Bitcoin Mining Uses Less Energy Than Christmas Lights—A Breakdown of Bitcoin Mining Council's Q3 Report
Christmas lights, video games, gold mining—all of these things consume more energy per year than Bitcoin mining.
This is according to the Bitcoin Mining Council’s Q3 report. Released this week, the report focused primarily on Bitcoin’s energy use and mining hardware efficiency, including forecasts for where ASIC efficiency will be in 8 years and an overview of the mining industry's landscape post-China ban. The council's ring-leader, Michael Saylor, presented the report during a Youtube livestream on Tuesday, and invited 8 industry to give individual presentations on different aspects of the mining industry and to answer questions in a live Q&A.
In short, the report gives us some solid estimates to work with when quantifying Bitcoin's energy appetite, and the presentations gave a wonderfully lucid view into how miner financing, ASIC manufacturing, hashrate distribution, and other key mining dynamics are shifting as we near the new year.
Bitcoin Mining Council Q3 Report
Before getting to the specifics discussed in the livestream and the Q&A, here are some quick-take highlights from the presentations and the Bitcoin Mining Council’s report:
In terms of annual revenue, Bitcoin mining has become a $15-20 billion industry in 2021, a 4x increase from 2020.
The council estimates that Bitcoin mining currently consumes 188 TWh of energy, or 0.12% of the world’s total energy output (154k TWh) and 0.32% of its wasted energy (50k TWh).
Renewable energy powers roughly 57% of Bitcoin’s global mining industry, according to Bitcoin Mining Council estimates.
Bitcoin’s hashrate increased 48% over Q3 following its post-China ban lows, though the council estimates that its energy appetite only increased by 21% over the same timeframe; this is largely due to the deployment of newer, more efficient hardware like the Antminer S19 and Whatsminer M30 series
The council forecasts that ASICs, which have improved the joule-per-terahash efficiency of mining hardware by 42x since the days of CPU mining, will see a 3x increase in efficiency over the next four years and a 2x increase in efficiency from 2025 to 2029.
Bitcoin mining uses less energy than Christmas lights (in case you needed a fun fact for Halloween parties or need a handy stat next time you’re trying to quash energy FUD).
With those quicktakes covered, here’s a synopsis of some of the more interesting tidbits from the presentations and the livestream Q&A.
“Texas is Bitcoin country”
The above quote is from Texas governor Greg Abbott, and when you look at the figures coming out of Q3, it’s hard to disagree.
Argo CEO Peter Wall was the first council member to present during the livestream, and his 5 minute talk was basically an energy porn presentation on why the Lone Star state is perfect for mining.
To star, Wall figured that Texas currently houses 14% of Bitcoin’s hashrate.
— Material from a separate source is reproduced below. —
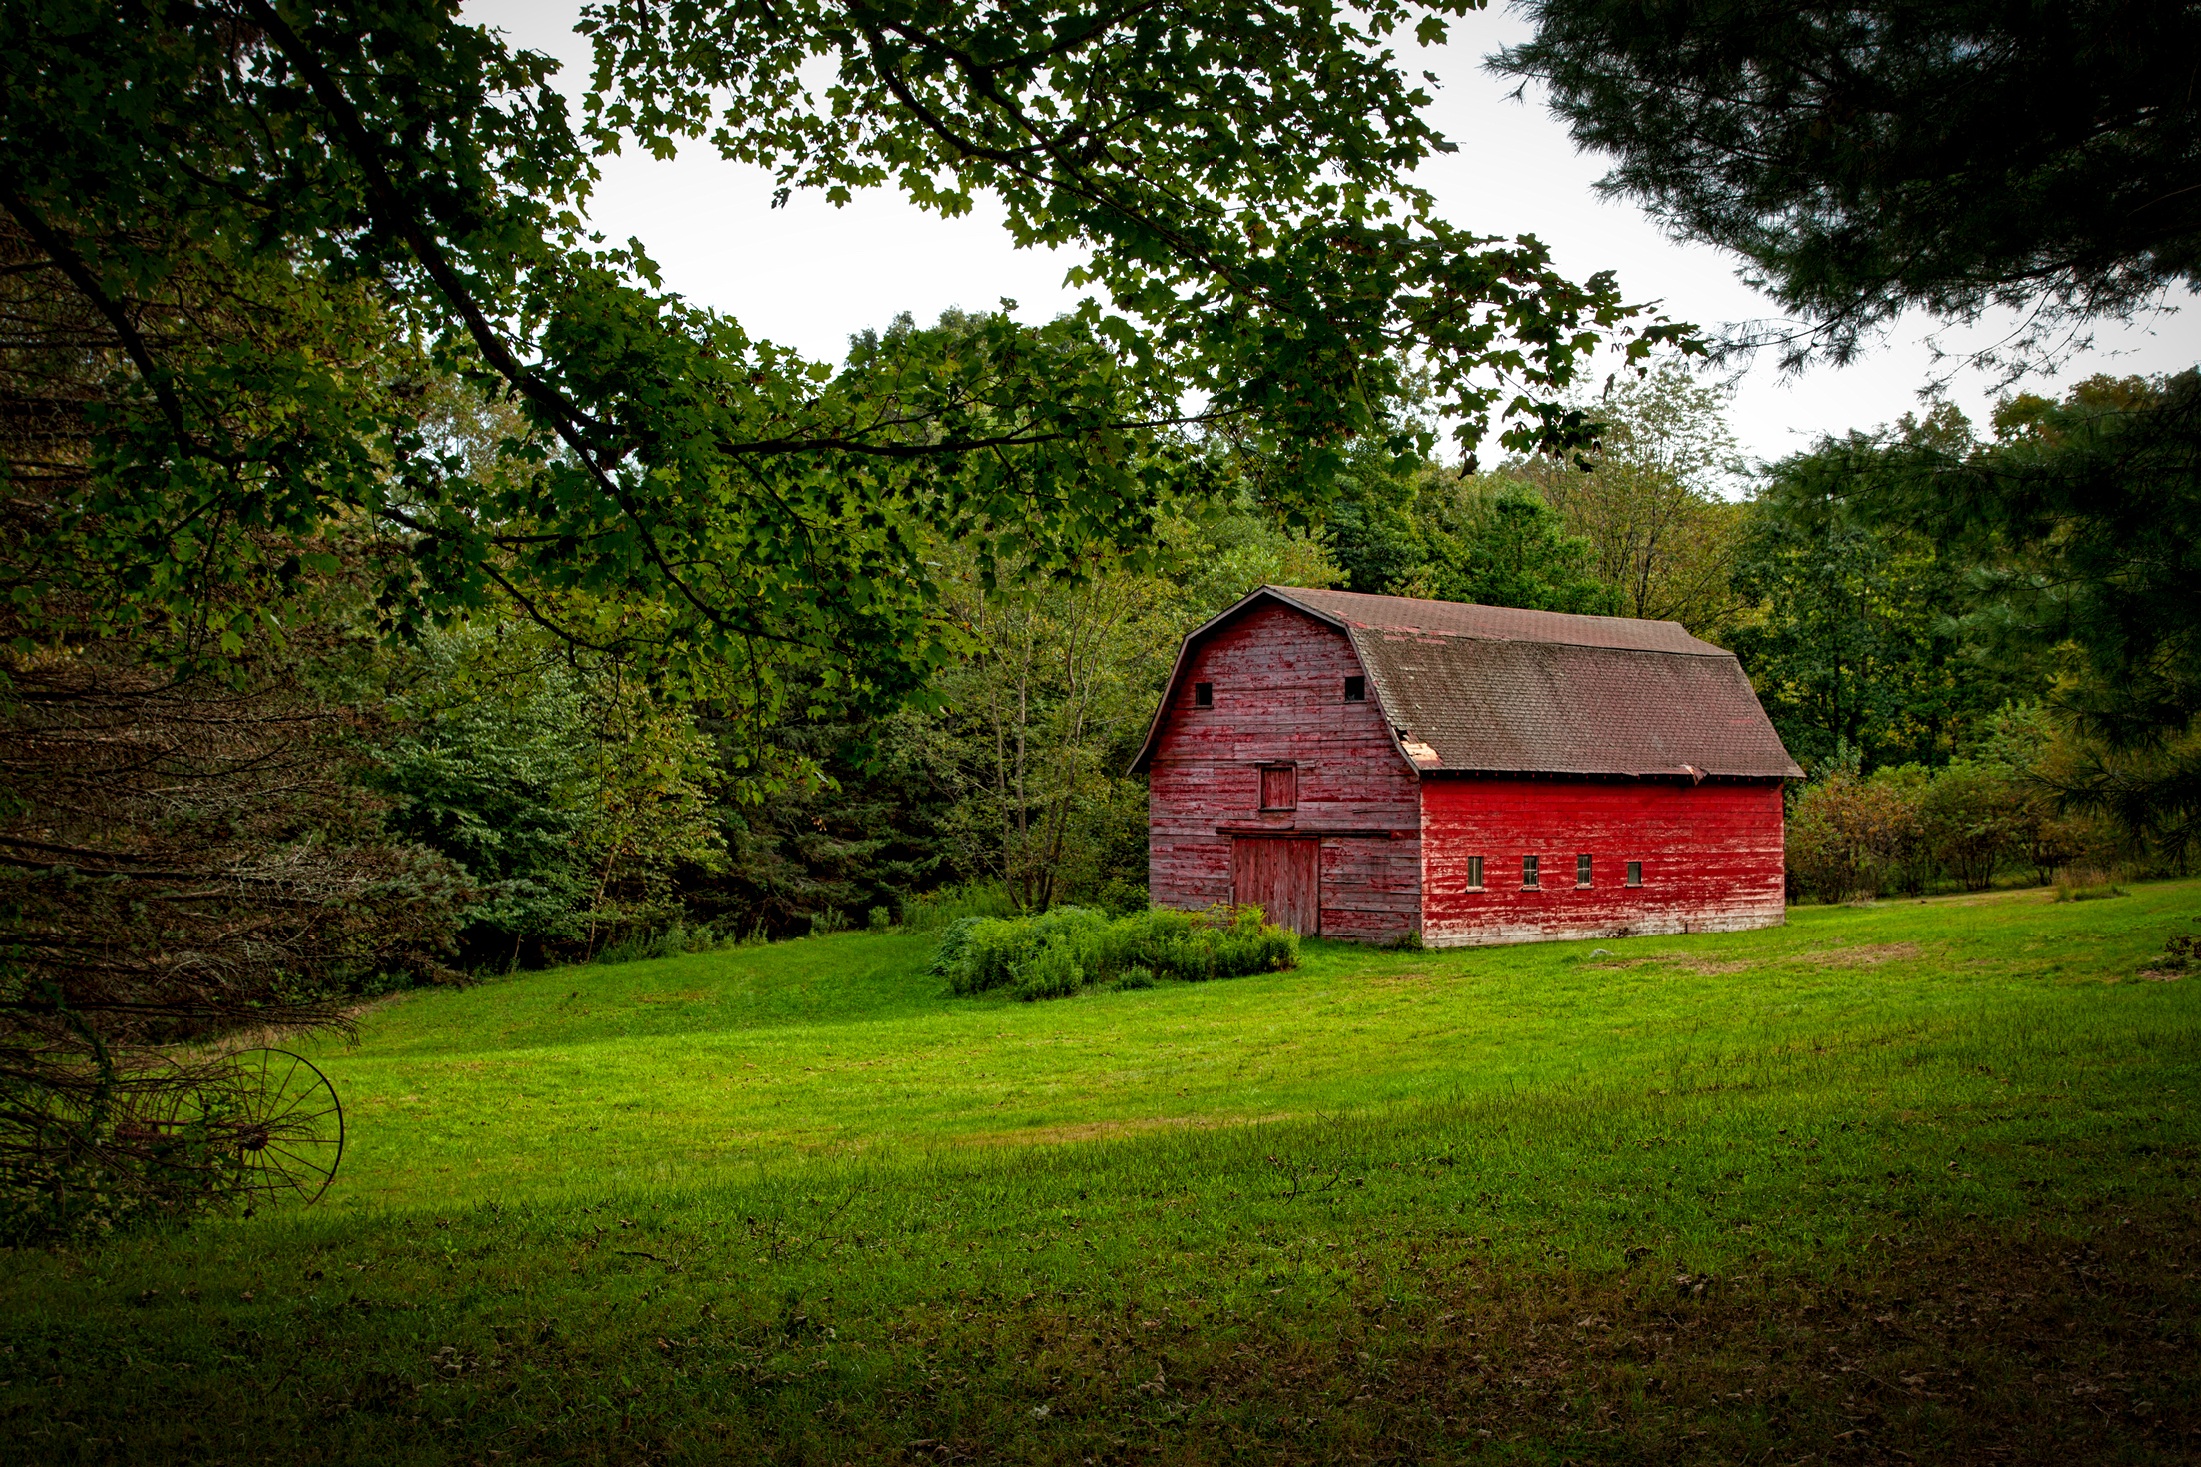 Rustic old barn in Connecticut farmland USA by 12019

If that didn’t impress you (it should), he estimated further that the US’s hashrate share in Q3 of 2019 was 3%; now, it’s 35%, according to Cambridge’s most recent figures (and it’s likely even be a bit higher, considering Cambridge’s data leans on reporting from Foundry, BTC.com, ViaBTC, and Poolin, and not other mining pools like Luxor or independent miners like Riot, Argo, and Marathon).
Wall continued to say that Bitcoin mining consumes roughly 1 GW of energy in Texas, and he believes this consumption will grow to 5 GW by 2025.
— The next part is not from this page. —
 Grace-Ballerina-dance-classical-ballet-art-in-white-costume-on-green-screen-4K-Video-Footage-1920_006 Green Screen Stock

By Argo’s estimates, there’s currently 23 GW of renewable energy (primarily solar and wind) operating in Texas and another 10 GW coming online in the next few years. Bitcoin mining is perfect for these projects, Wall said, because miners are a consistent consumer of this energy, which otherwise is difficult to transport to market in its totality and is subject to varying demand from the grid. Additionally, Texas’ power authority, ERCOT, does not ship electricity out of state, meaning there’s plenty of excess sloshing around for miners to mop up.
Energy Providers Are Paying Attention
Speaking of energy producers and grid operators like ERCOT, these folks are starting to pay attention.
Wall said that ERCOT is currently in talks with Bitcoin miners, something Marathon Digital Holdings CEO, Fred Thiel, echoed in his presentation and in the livestream Q&A.
“We believe that power companies will become some of the largest bitcoin miners in the future,” Thiel said in his presentation, adding in the Q&A that power providers around the world are formulating Bitcoin strategies.
“In the conversations we’ve had with 4 of the top 6 power groups in America, they are talking about load balancing, collocating,” he expounded further in the Q&A, continuing to sat that some power companies have dedicated teams looking into this while others are forming joint-ventures with miners to host machines or even self-mine.
DMG’s CEO, Sheldon Bennett, added that his company “sent some containers to utility companies” 2 years ago and that the pilots were an overall success.
Miners are Finding More Ways to Finance And Hodling More Than Ever
North American public mining companies are making bank in the wake of China’s mining ban, and they’re using they’re using their beefed-up balance sheets to leverage more financial tools than before.
“The ability for public mining companies to hodl is directly attributable to their ability to fundraise,” Hut 8 CEO Jamie Leverton said in her presentation on miner financing.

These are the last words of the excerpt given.